The time of the phases of the checkpointing process


The aim of our work is to minimize the overhead of checkpointing by minimizing its storage time. To ensure this goal, we improve the I/O management and we propose a checkpointing strategy of three phases:

  • 1.

    The construction of VRbIO topology (Virtual RbIO): RbIO proposed in (Lui et al., 2010) is a virtual hierarchical topology; it minimizes checkpointing time and I/O time at the same time. In our system, each VM has a reactive agent responsible of the local I/O management; at the end of this phase some of these reactive agents will be activated to manage the I/O of a group of VMs of the server. In this case, the I/O will be hierarchical.

  • 2.

    Creating the checkpointing files using coordinated checkpointing protocol.

  • 3.

    Ensuring a lightweight and fault-tolerant storage of these files by using Collective and Selective Data Sieving input/output (CSDS I/O), which is executed by only the active agents. CSDS is an improved ROMIO I/O strategy. However, this strategy has several problems and limitations (Fu et al., 2011).

Our algorithm with its three phases provides solutions for most issues raised by the use of classical checkpointing with ROMIO as an I/O strategy. The rest of the chapter is organized as follows: Section 2 presents the background in the field of aggregating I/O techniques with a comparative study.
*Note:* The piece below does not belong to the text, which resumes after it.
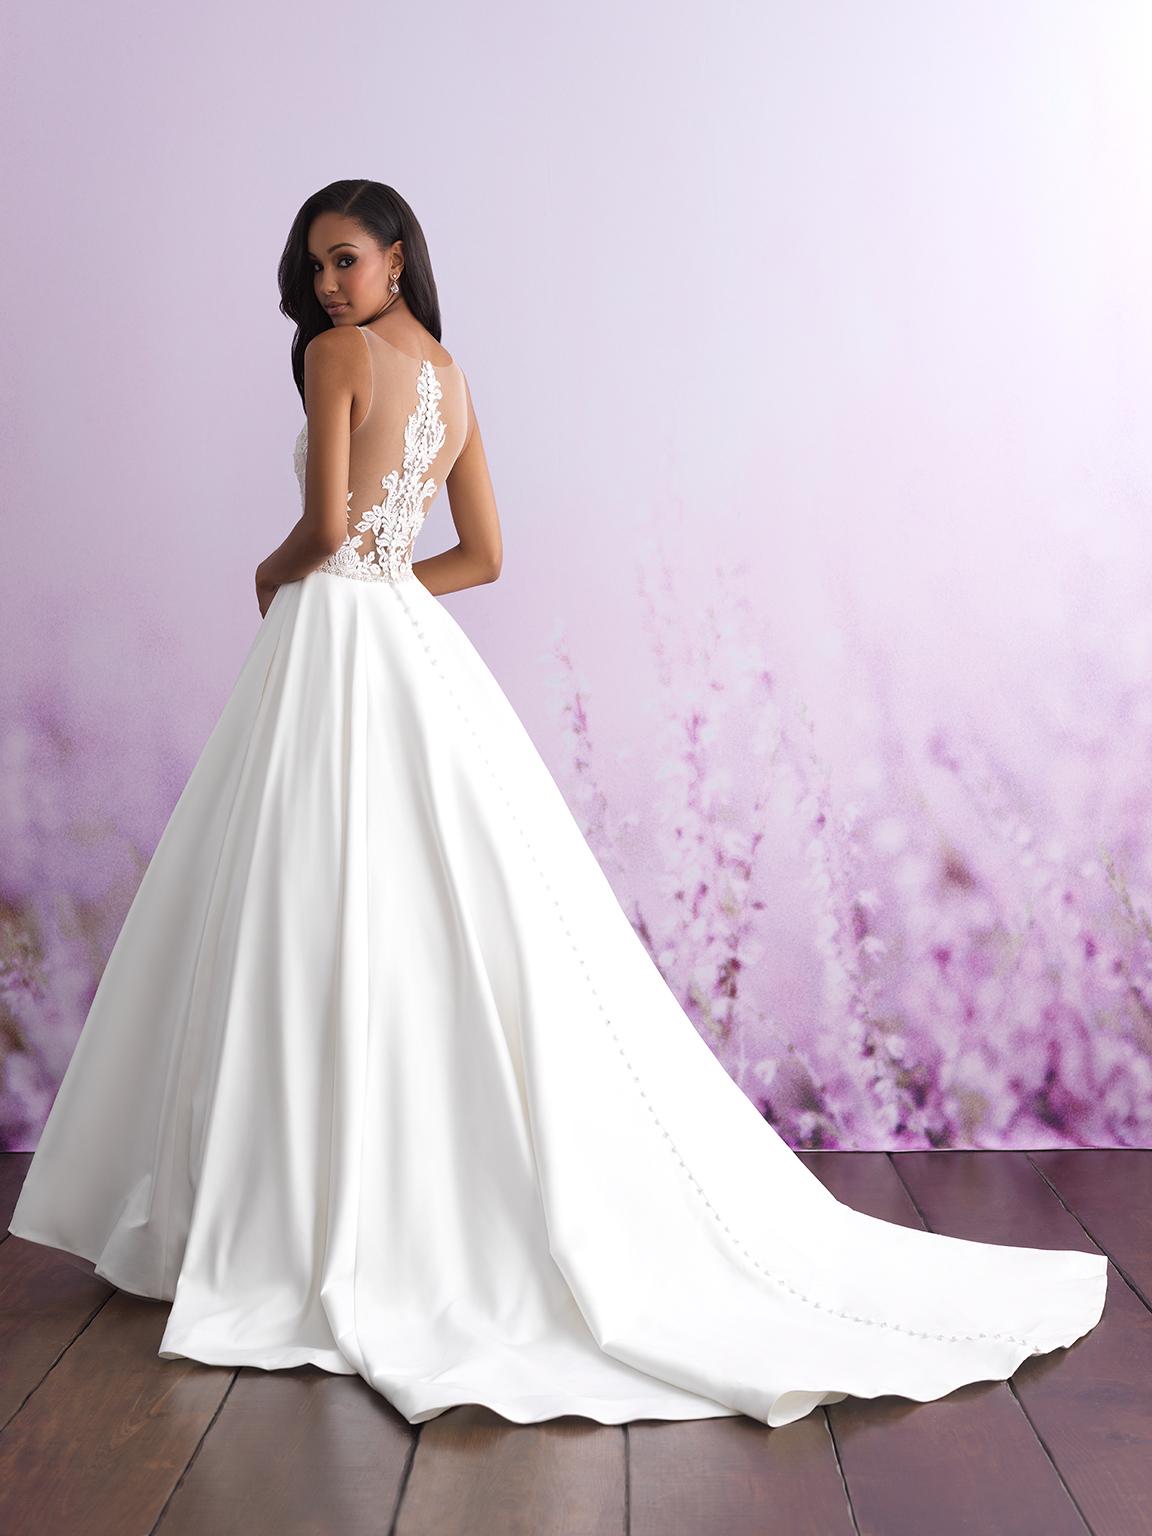 Bästa Tipsen På Hur Man Väljer Den Perfekta Aftonklänningen

ROMIO and its features are illustrated in Section 3. Section 4 presents our contribution, each service of this contribution is described in details, and all the problems cited in previous section are solved in this section. Section 5 presents some experimental results, followed by a conclusion and future research directions.



An important reason for the limitations of I/O systems is that applications often send smaller queries disjoint. This access mode generates a first additional cost to the large number of applications running on various transmission channels, but more significantly increases the processing time of the latter (Sadiku et al., 2014). To deal with this problem, several “aggregation” methods have been proposed we can distinguish two types of aggregations strategies: dependent and collective.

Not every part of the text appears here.